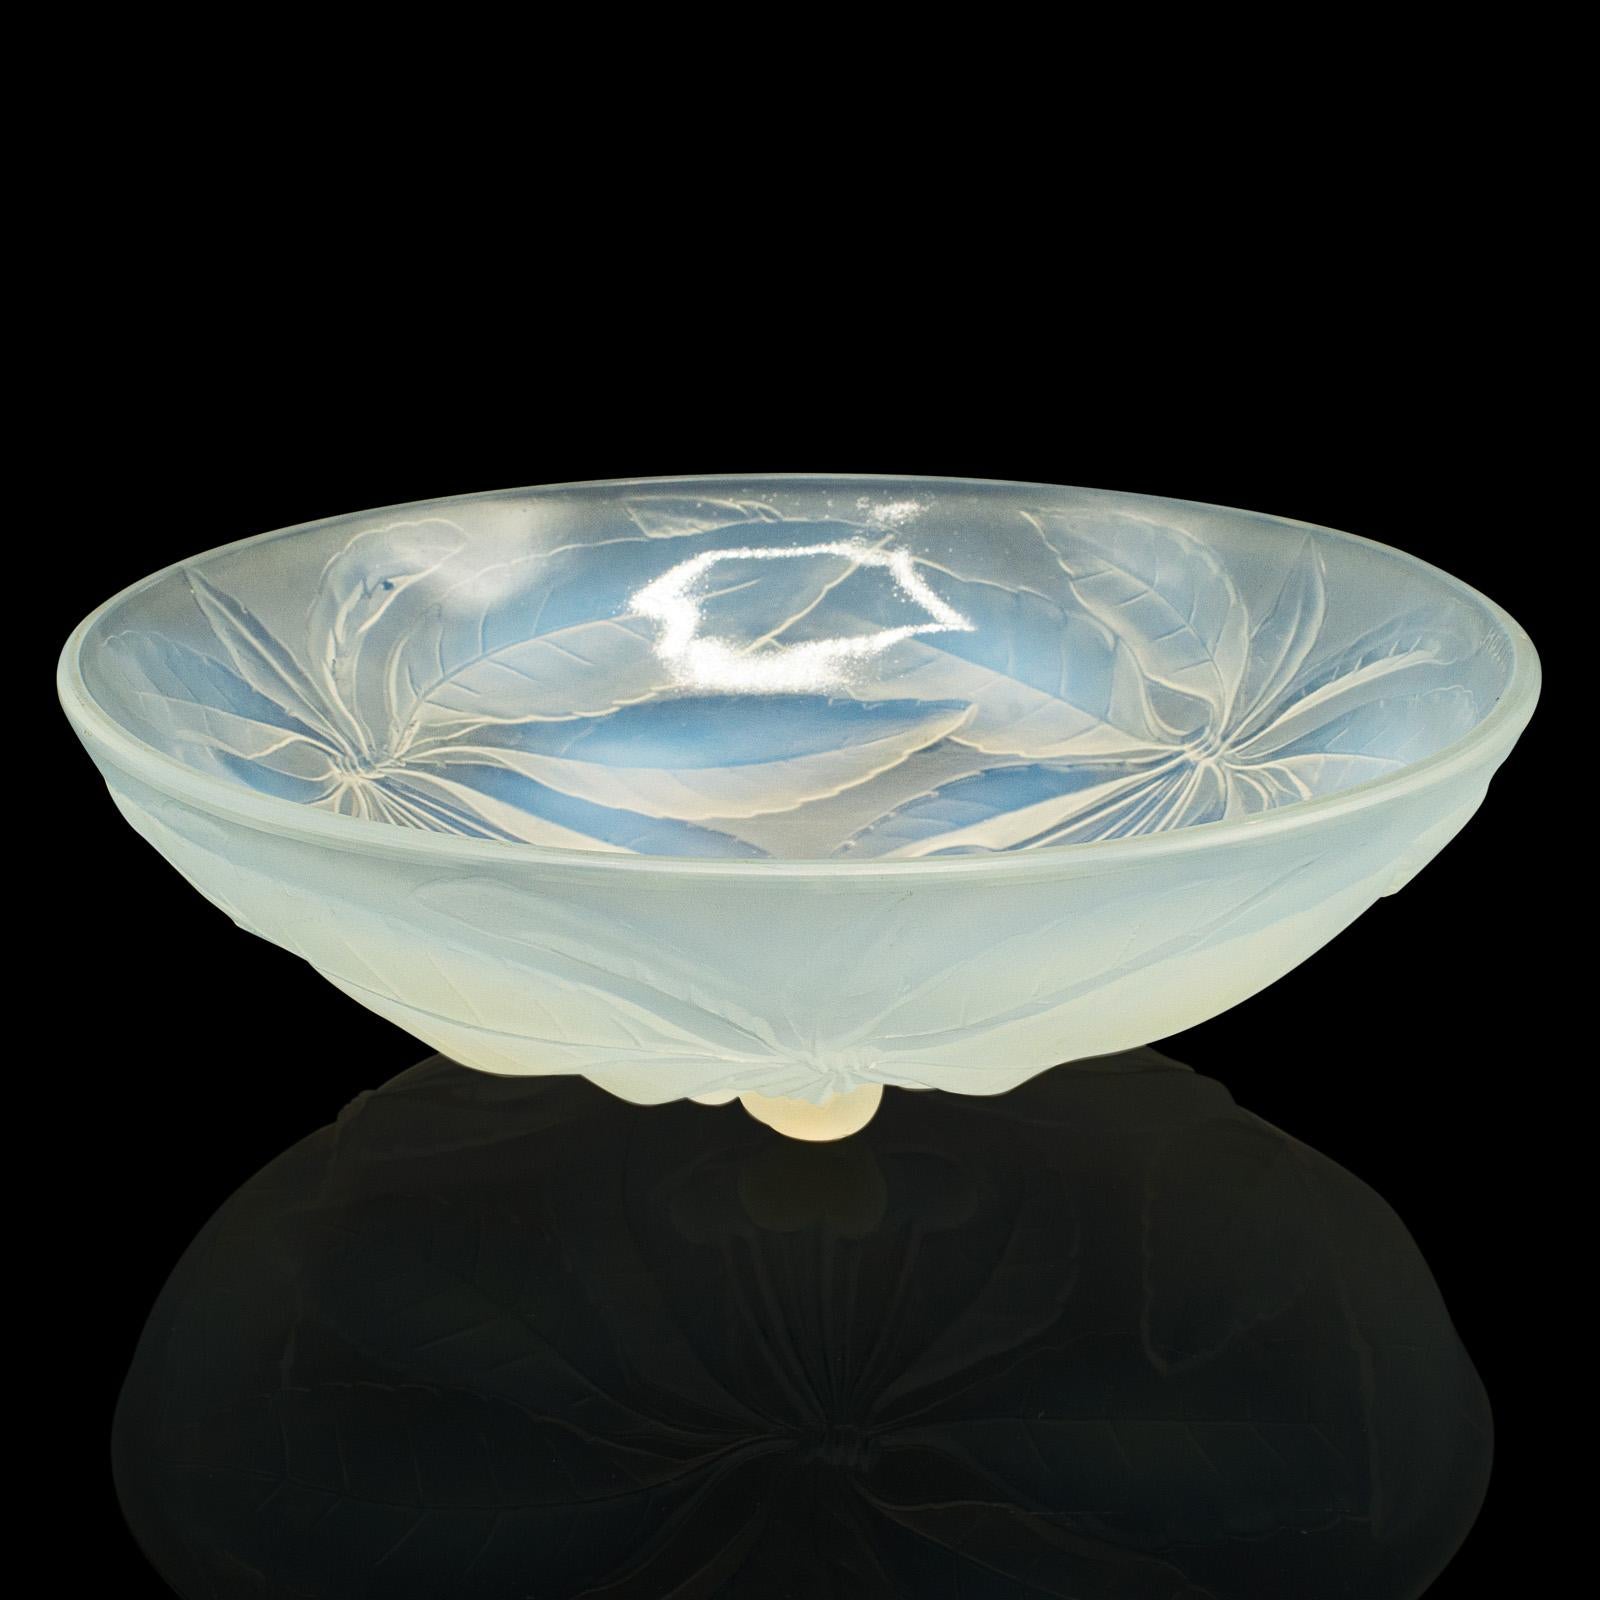 This is an antique decorative fruit bowl. A French, lead glass dish in Art Deco taste, dating to the early 20th century, circa 1920.

Striking lunar-esque hues and appealing glass forms
Displays a desirable aged patina and in good order
Lead
* * *
Return the listing above unaltered, omitting its pictures.

Output for this task:
 This is an antique decorative fruit bowl. A French, lead glass dish in Art Deco taste, dating to the early 20th century, circa 1920.

Striking lunar-esque hues and appealing glass forms
Displays a desirable aged patina and in good order
Lead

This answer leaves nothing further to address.